Paquita recycles her family’s olive oil into amazingly soothing slabs six liters at a time. “I like to make the soap out of the oil I’ve used for frying roscos,” she said, referring to her plain little doughnuts — they leave the oil nice and sweet and clean. She filters her olive oil by pouring it through a cheesecloth-lined sieve, and because she fries the roscos gently, she re-uses it a couple of times before turning it into soap.

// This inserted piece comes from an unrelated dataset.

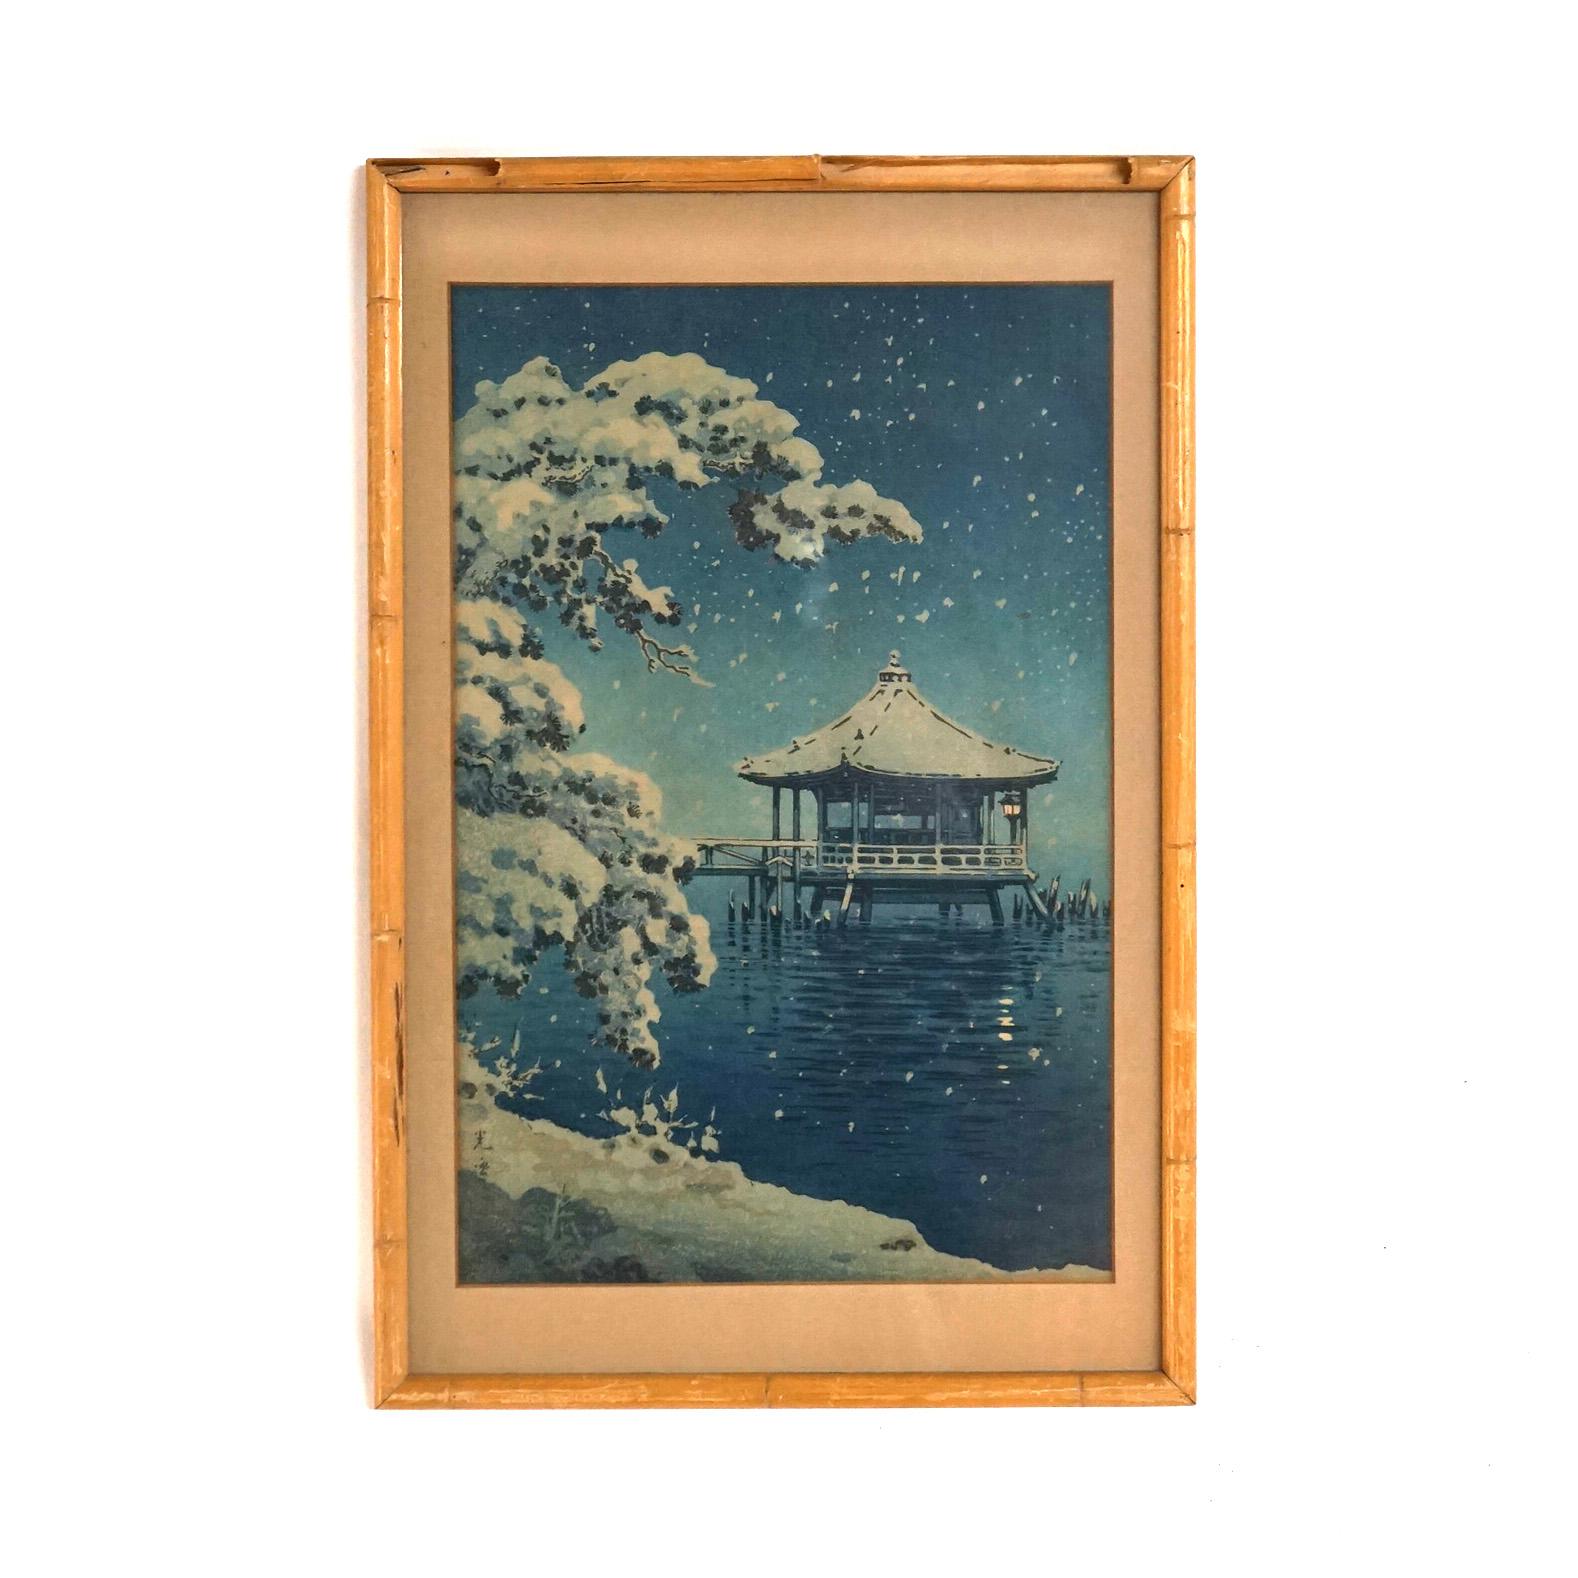 Three Antique Japanese Woodblock Prints - Genre, Mt Fugi & Landscape C1920

Measures - 17.75

Andalusians are shameless consumers of olive oil. And why not? They produce more of it than anyone else in the world. My former mother-in-law swore the secret to my ex’s fabulous skin was that his first bath involved no water whatsoever: “It’s much better to massage newborns in olive oil,” she always said. For those of us who don’t generally have six liters of oil in circulation, I’ve reduced Paquita’s recipe to proportions based on one liter of olive oil and converted it into U.S. measurements.*
Paquita Funes’s Recycled Olive Oil Soap
1 Quart olive oil (it’s fine to recycle used oil for this purpose, especially if the oil was reserved for frying mild foods on gentle heat and you’ve strained it clean)
1 Quart water
3/4 Cup additional cold water for diluting the lye
6 Oz. lye (also called “caustic soda,” chemically it’s sodium hydroxide, NaOH)**
Place the olive oil and the quart of water in a large nonreactive bowl (ceramic, glass, or plastic). In a separate nonreactive bowl, carefully add the lye to the additional 3/4 C cold water — it will bubble and steam, and the lye can burn, so do this carefully***. Then add the lye solution to the olive oil and water base, stirring in a bit at a time, and again using great care. Stir the mixture with a long wooden spoon, mixing always in the same direction, until it thickens to the consistency of a thick bechamel — this can take some time. Pour into glass, silicon, or metal loaf pans (or an official soap mold) and leave to set for at least 24 hours. Turn out the soap, slice it into bars, and wrap in parchment paper to cure for another two weeks before using.
*Paquita’s recipe uses the simplest cold process method. And by the way, this soap is technically “pure Castile,” sometimes called “pure Marseilles,” in that it uses 100% olive oil. Check out Walton Feed Company’s soapmaking pages for loads of details on the soapmaking process, including charts for double checking your measurements, which are especially important if you want to mess with this recipe by, say, swapping out 20% coconut oil for harder bars or tarting them up with oatmeal or essential oils.
**Good pure lye for soapmaking is not to be found over the counter in the U.S. Various soapmaking sites I’ve browsed recommend Camden-Grey, an online supplier of lye, essential oils, and other supplies for soapmakers.
***I recommend suiting up in goggles and gloves and otherwise doing this project the personal-injury-lawsuit-conscious American way.